好ましくは、減衰ボルト60と電機子ボルト案内部25との間のストッパ面を、楔形に、つまりガスインジェクタの中心軸X-Xに対して直角ではないように形成し得ることに留意されたい。その代わりにまたはそれに加えて、当接面60aに、または電機子ボルト案内部25のうち制動ボルト60に向いた端面に、径方向のスリットを設けることができ、これによりキャビテーション効果がさらに低減および阻止される。
【0054】
ここで、
図1に示されるガスインジェクタ1は、圧力平衡されている。すなわち、閉鎖要素3が第1の可撓性封止要素51を介して案内スリーブ9と接続されており、金属ベローズとして形成された第1の可撓性封止要素51が、封止座部11における直径、詳しくは閉鎖要素3が封止する直径に等しい平均直径を有している。それにより、閉鎖要素3に対する圧縮力が生じず、したがって閉鎖要素3を開くのに必要な磁力を非常に小さく保つことができ、特に気体燃料の圧力に依存しない。
【0055】
したがって本発明により、閉鎖要素3が磁気アクチュエータ2の作動により開状態にされ(閉鎖要素3の
図1では左への移動)、ガス吹込みが実施される場合、閉鎖要素3の復元時には、閉鎖要素が弁座11に押し付けられる直前に確実な減衰が実施され得る。

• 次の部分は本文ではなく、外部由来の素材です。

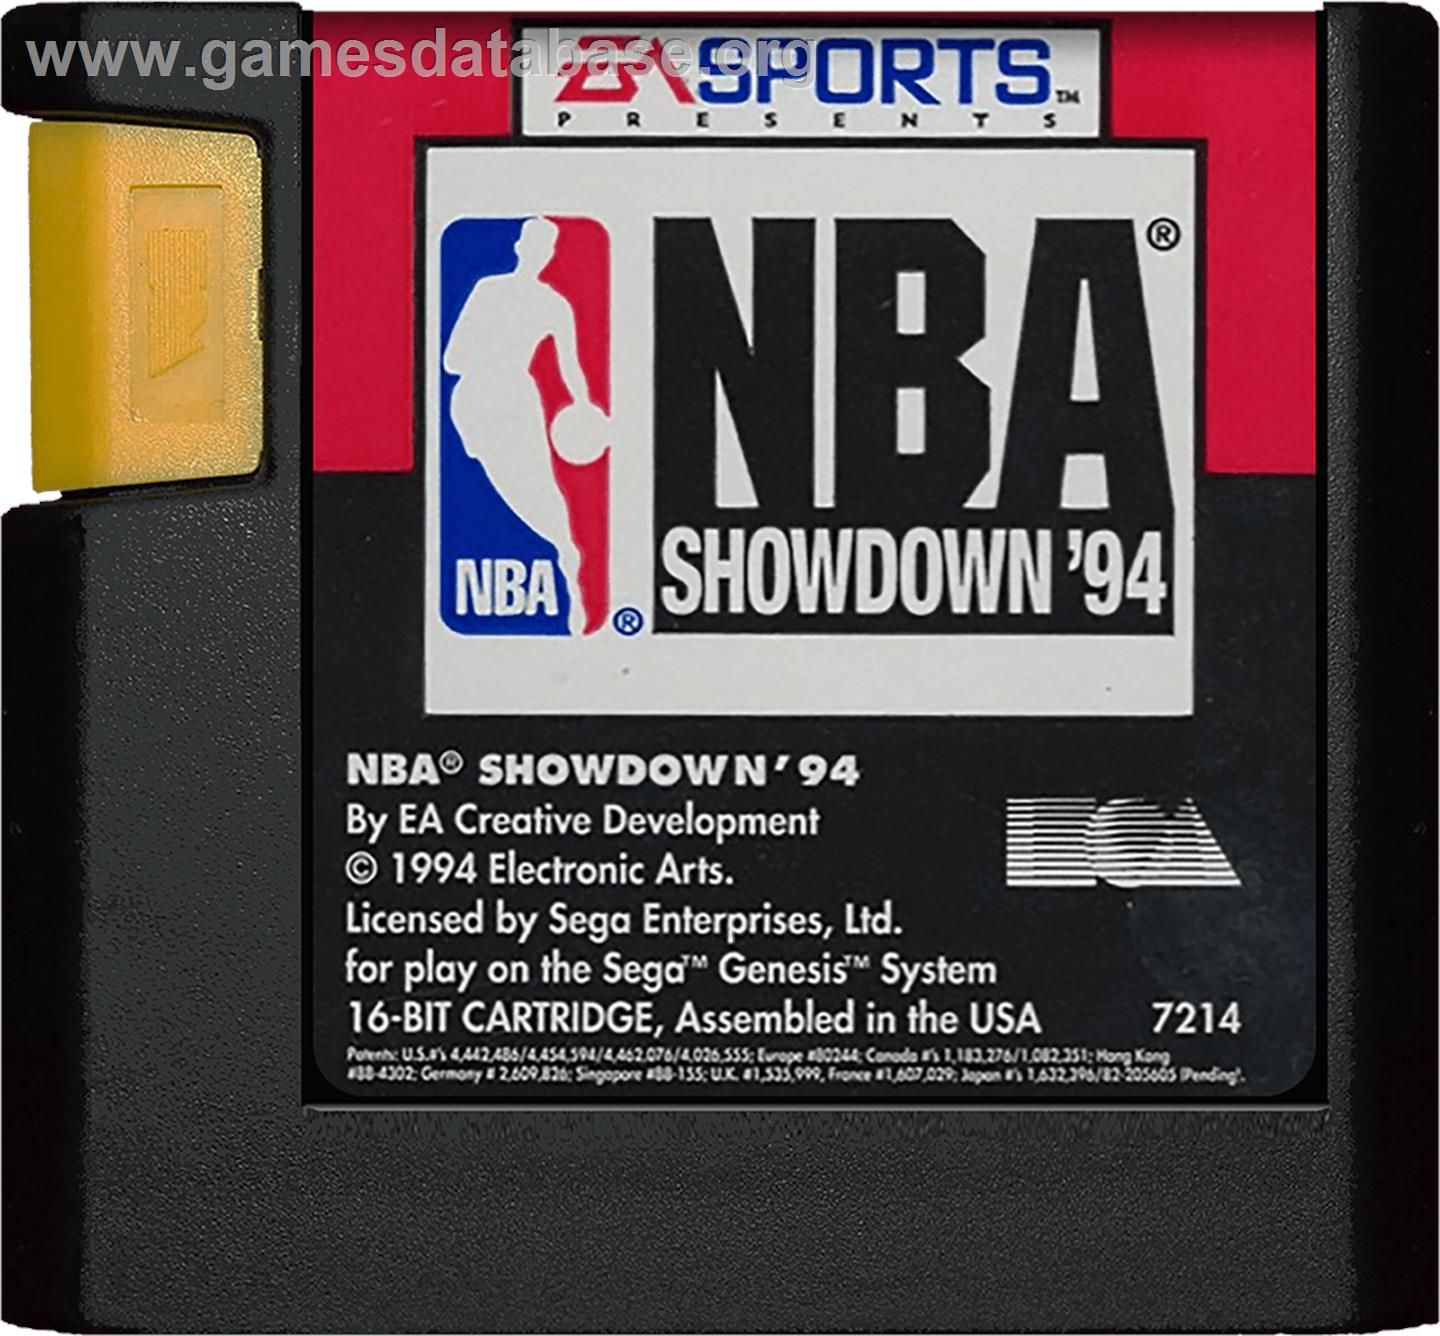 NBA Showdown - Sega Genesis - Artwork - Cartridge

ここで、制動ボルト60は、電機子ボルト24により減衰チャンバ62の方向に押され、ゆっくりとしか、すなわち潤滑剤が減衰チャンバ62から絞り部63を通って潤滑剤チャンバ4に押し出されるのと同じくらいゆっくりとしか移動しない。これにより、弁座11に閉鎖要素が当たる前に、閉鎖要素3の閉鎖速度が大幅に効果的に減速される。それにより弁座11および閉鎖要素3の摩耗を効果的に低減でき、ここで制動機構6はさらに、より静かなガスインジェクタの動作を可能にする。要素が弁座に激しく当たって激突しながら戻されるいわゆる閉鎖激突も効果的に阻止され得る。
【0056】
封止座部11が平面封止座部として形成されていることにより、弁座受け30aおよび弁座構成要素93における封止面は、簡単に、例えば研磨のような平面加工によって作製され得る。
【0057】
したがって、ガスインジェクタ1は、可動部品、特に弁座11、電機子20、および電機子ボルト24の摩耗の低減を提供することができる。さらに、液体潤滑剤を含む密閉された潤滑剤チャンバ4によって、磁気アクチュエータ2からの放熱が大幅に改良され得る。さらに、両方の可撓性封止要素51、52により、意図しない力が閉鎖要素3に作用することが阻止され得る。
【0058】
さらに、ガスインジェクタ1は、大幅に減少した軸方向の長さを有し得ることにより、特に、内燃機関の燃焼室100に横から取り付けることができる。ガスインジェクタの構成要素が入れ子状に組み込まれていると同時に、側面のガス流入口70も設けられているので、ガスインジェクタ1の軸方向の構造長さは大幅に減少している。